Olaf Bryn Kullmann (2 July 1892 – 9 July 1942) was a Norwegian naval officer and peace activist.

Early life and career
He was born in Stord in the county of Hordaland, Norway. He was a son of vicar and school manager Jakob Kullmann (1852–1910) and Ingeleiv Kristine Mæland (1864–1951). He studied at the Norwegian Naval Academy, and served on a torpedo boat with the rank of Premier Lieutenant from 1916. He later studied law, graduated with the Candidate of Law degree in 1923, served as a deputy in Vestfold, and from 1925 was an attorney in Bergen. From 1925 to 1930 he worked in Oslo. He then returned to the navy, from 1929 with the rank of Captain. He had responsibility for the torpedo battery at Oscarsborg Fortress.

Political turnaround
Kullmann eventually turned against the ideas of the existing military. He had been an adviser for the Norwegian Labour Party when in 1932 it proposed to replace the entire armed forces with a semi-armed "civil guard", and was a member of the party for some time. In the summer of 1932 he participated on an anti-war congress in Amsterdam. For his agitation, Kullmann was suspended and legally relieved of his naval engagements. The campaign was spearheaded by then-Minister of Defence Vidkun Quisling, and a support campaign for Kullmann was spearheaded by the Labour Party. Kullmann also formed a short-lived Peace Party.

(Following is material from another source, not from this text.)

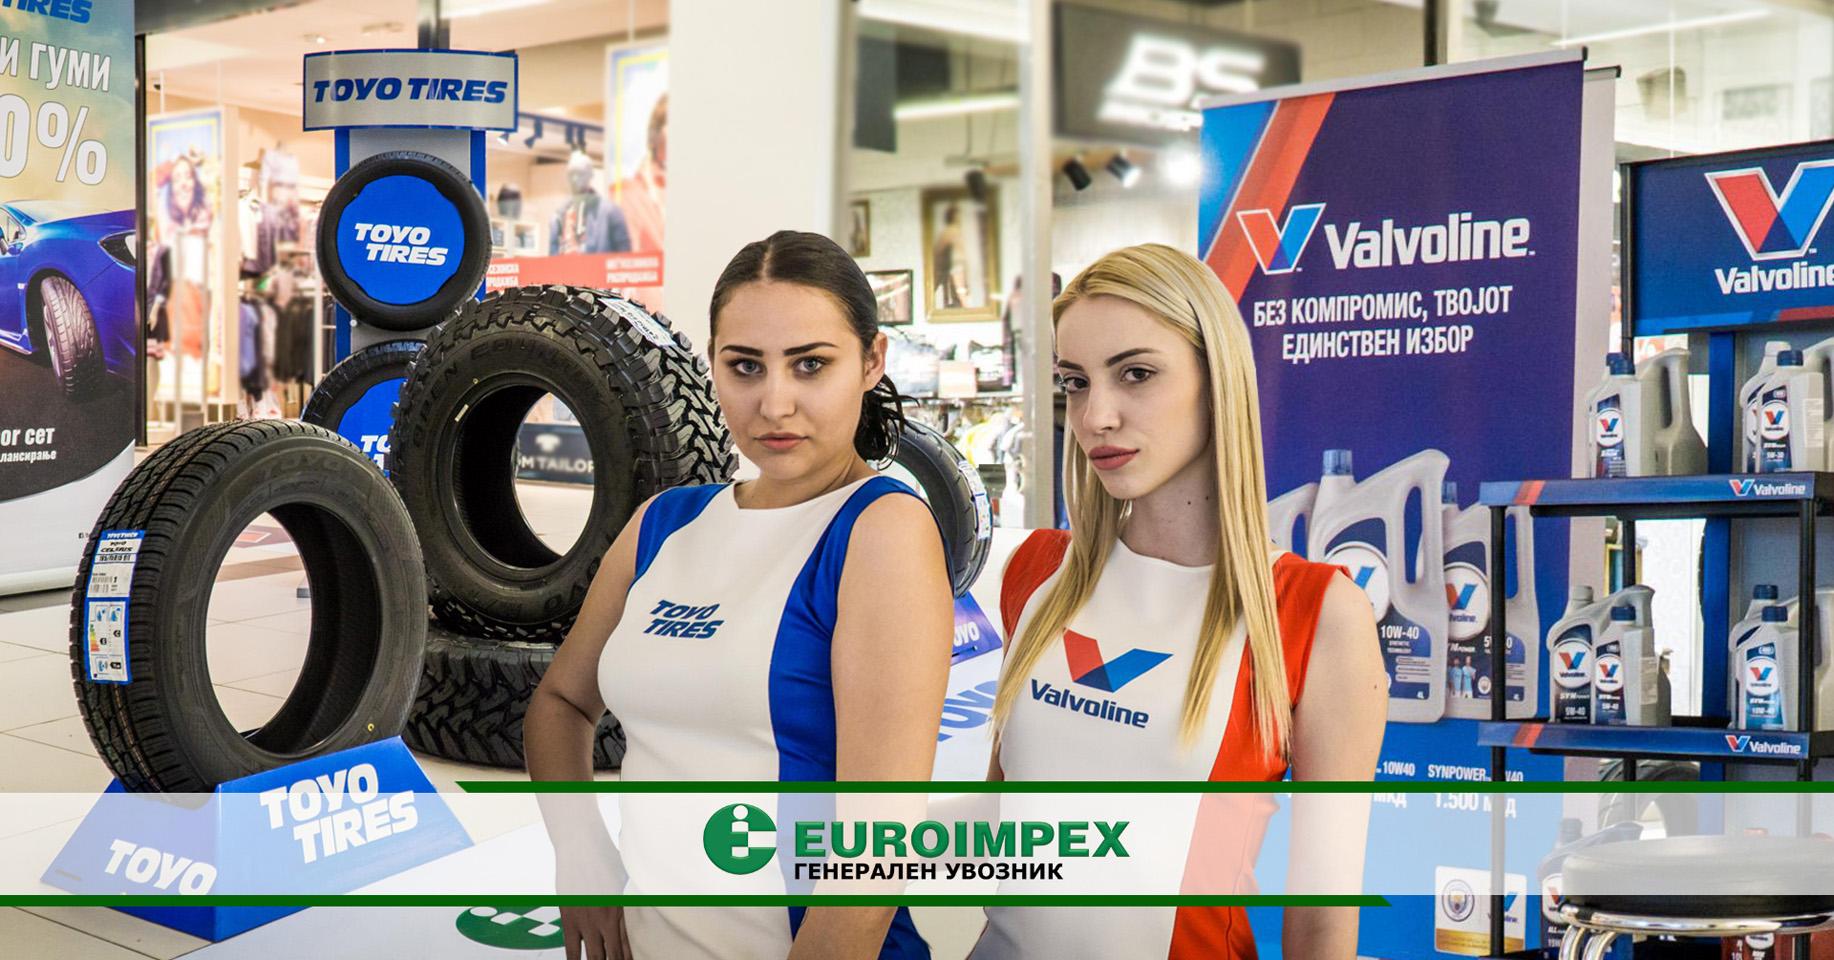 Еуроимпекс со најновите понуди на брендовите Valvoline и Toyo Tires во City Mall

The latter half of the 1930s started with the Second Italo-Abyssinian War, which Kullmann protested. For this he was expelled from Italy, where he had travelled in 1935. He issued the book Hjelp din bror, etioperen ("Help Your Brother, the Ethiopian") in Norway in 1938. In 1940, Norway was invaded by Germany, involving Norway in World War II. Kullmann subsequently bicycled around Norway to agitate for pacifism.

Incarceration and death
The German occupiers demanded his signature on a declaration that he would forever cease his pacifist agitation; Kullmann refused and was arrested in June 1941. He was imprisoned in Møllergata 19 and Grini concentration camp before being sent to Sachsenhausen concentration camp on Good Friday, 3 April 1942, and died there in July. He was memorialized in a poem by fellow Sachsenhausen inmate Arnulf Øverland in the 1956 poetry collection Sverdet bak døren.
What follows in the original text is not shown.